- Exercise directions -
Starting with the line that has "Trendy Mutter und" in the records below and ending with the line that has "Medalia veche a", output those lines exactly and nothing more; omit the pictures.

- Provided entries -
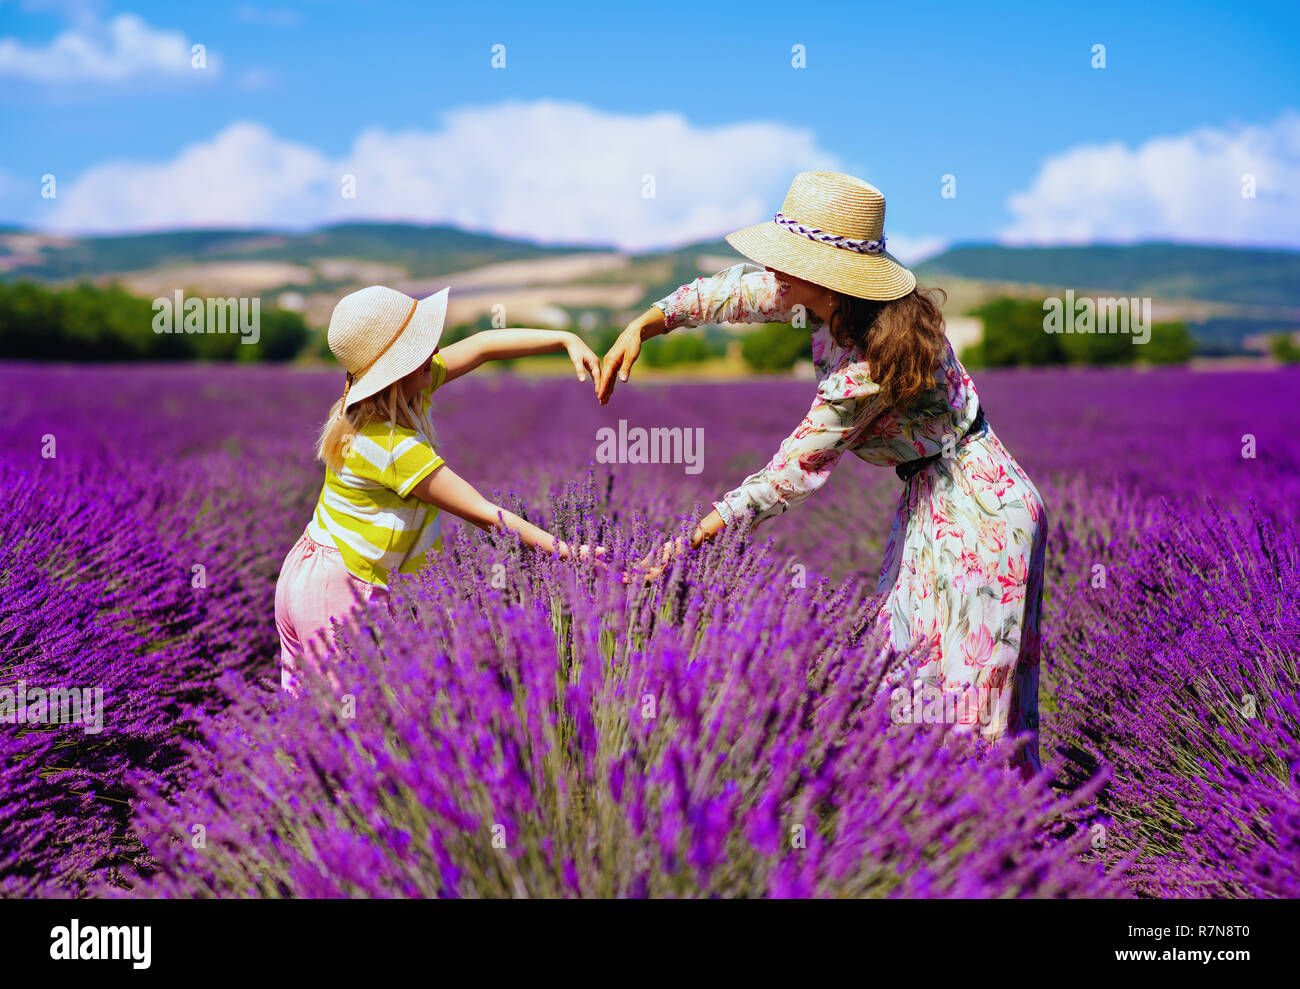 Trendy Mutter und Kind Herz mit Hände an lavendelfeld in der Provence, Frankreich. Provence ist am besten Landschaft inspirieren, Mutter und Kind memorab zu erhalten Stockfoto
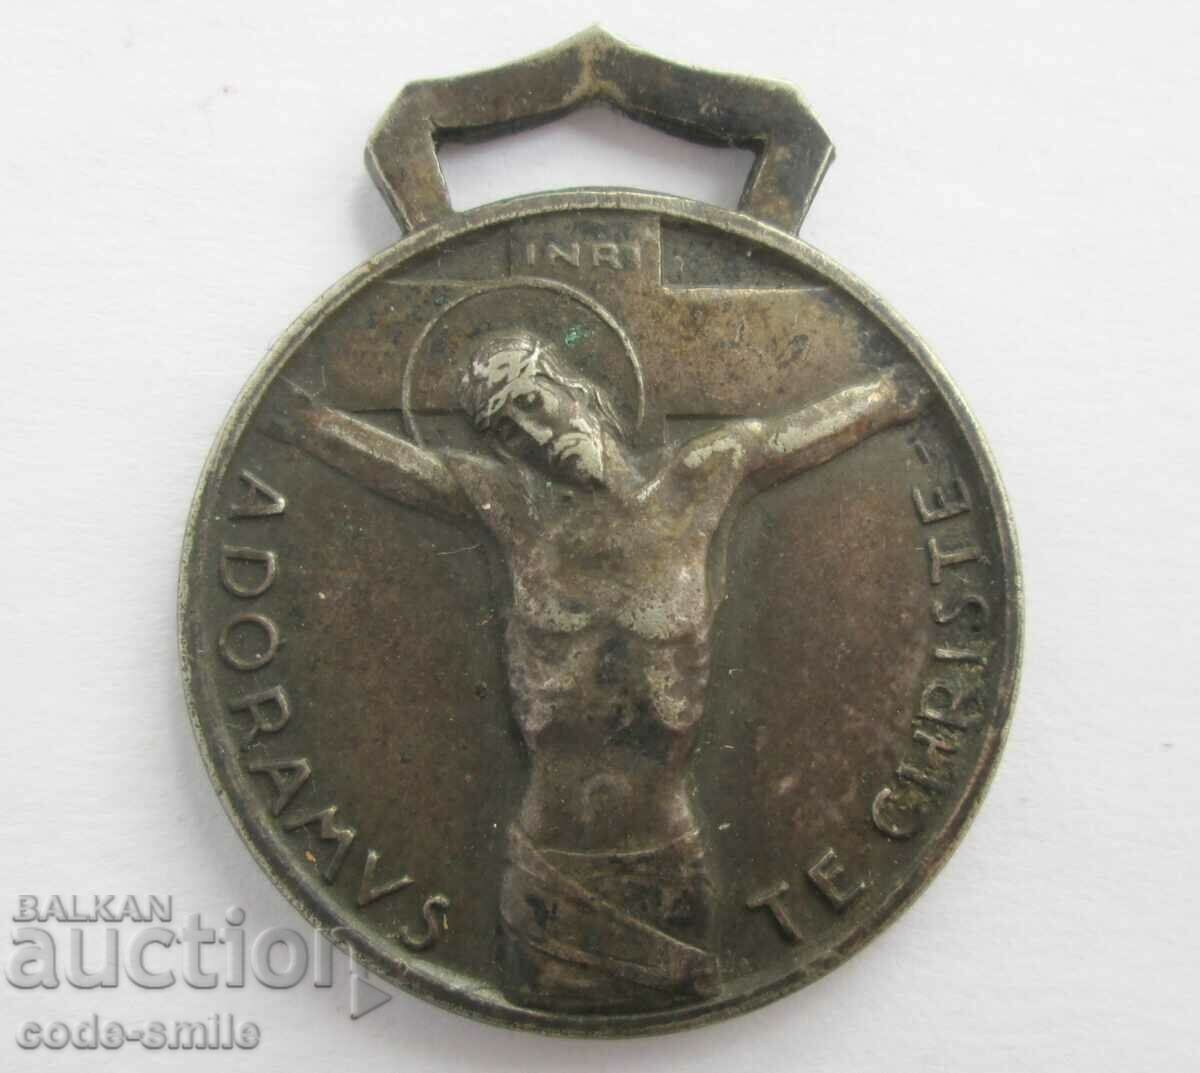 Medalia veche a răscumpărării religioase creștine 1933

* * *

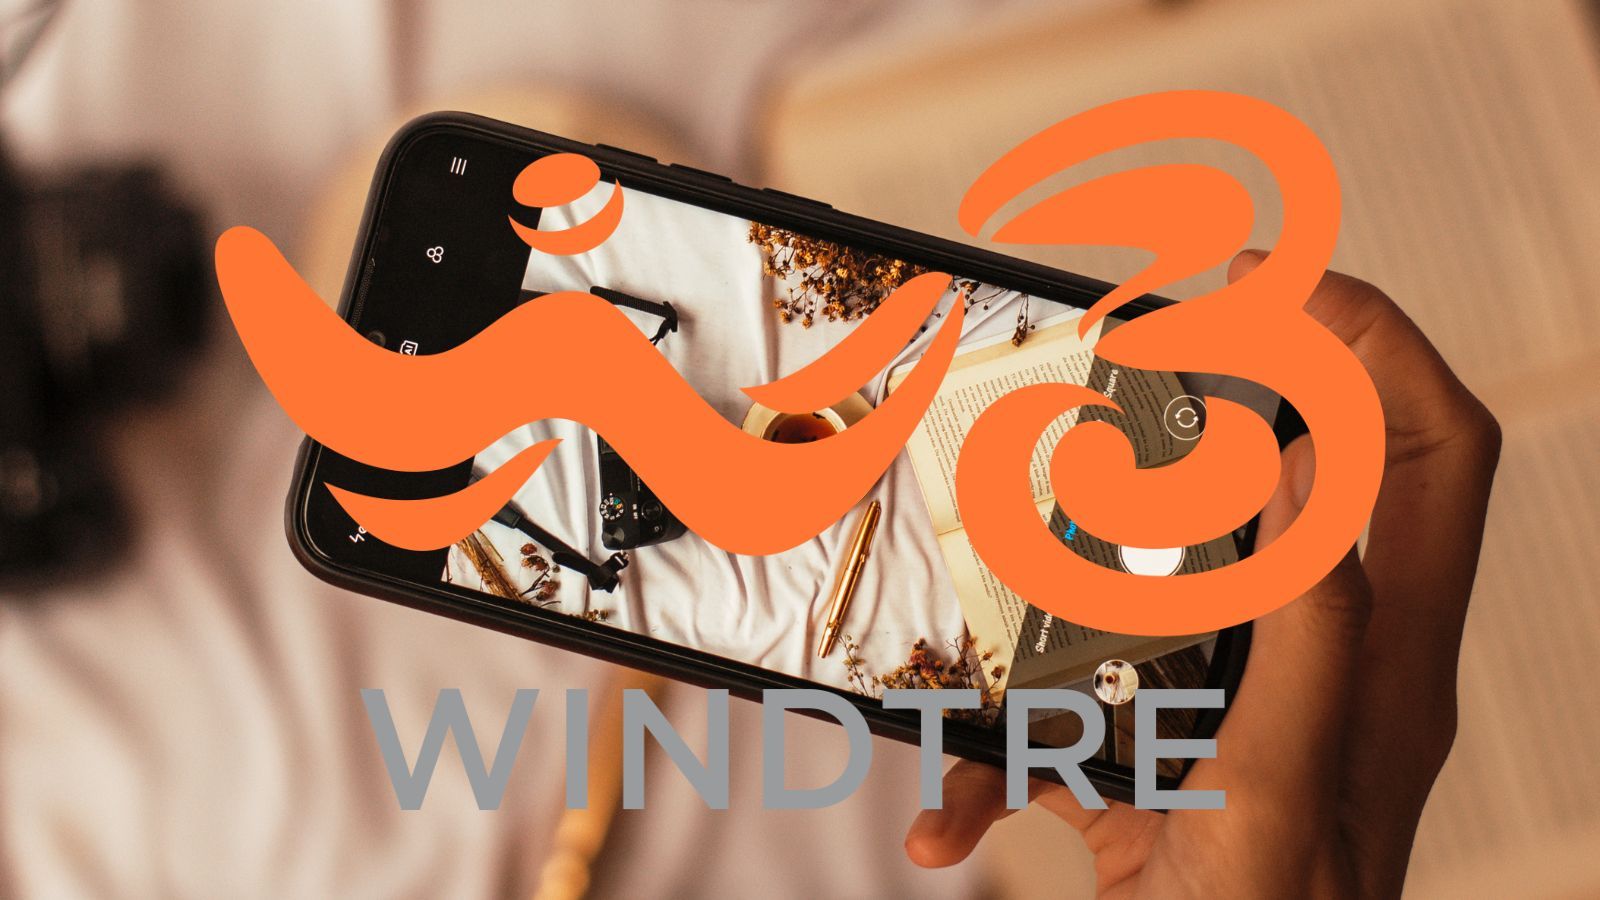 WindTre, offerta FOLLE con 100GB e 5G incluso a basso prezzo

- Solution to the exercise -
 Trendy Mutter und Kind Herz mit Hände an lavendelfeld in der Provence, Frankreich. Provence ist am besten Landschaft inspirieren, Mutter und Kind memorab zu erhalten Stockfoto
 Medalia veche a răscumpărării religioase creștine 1933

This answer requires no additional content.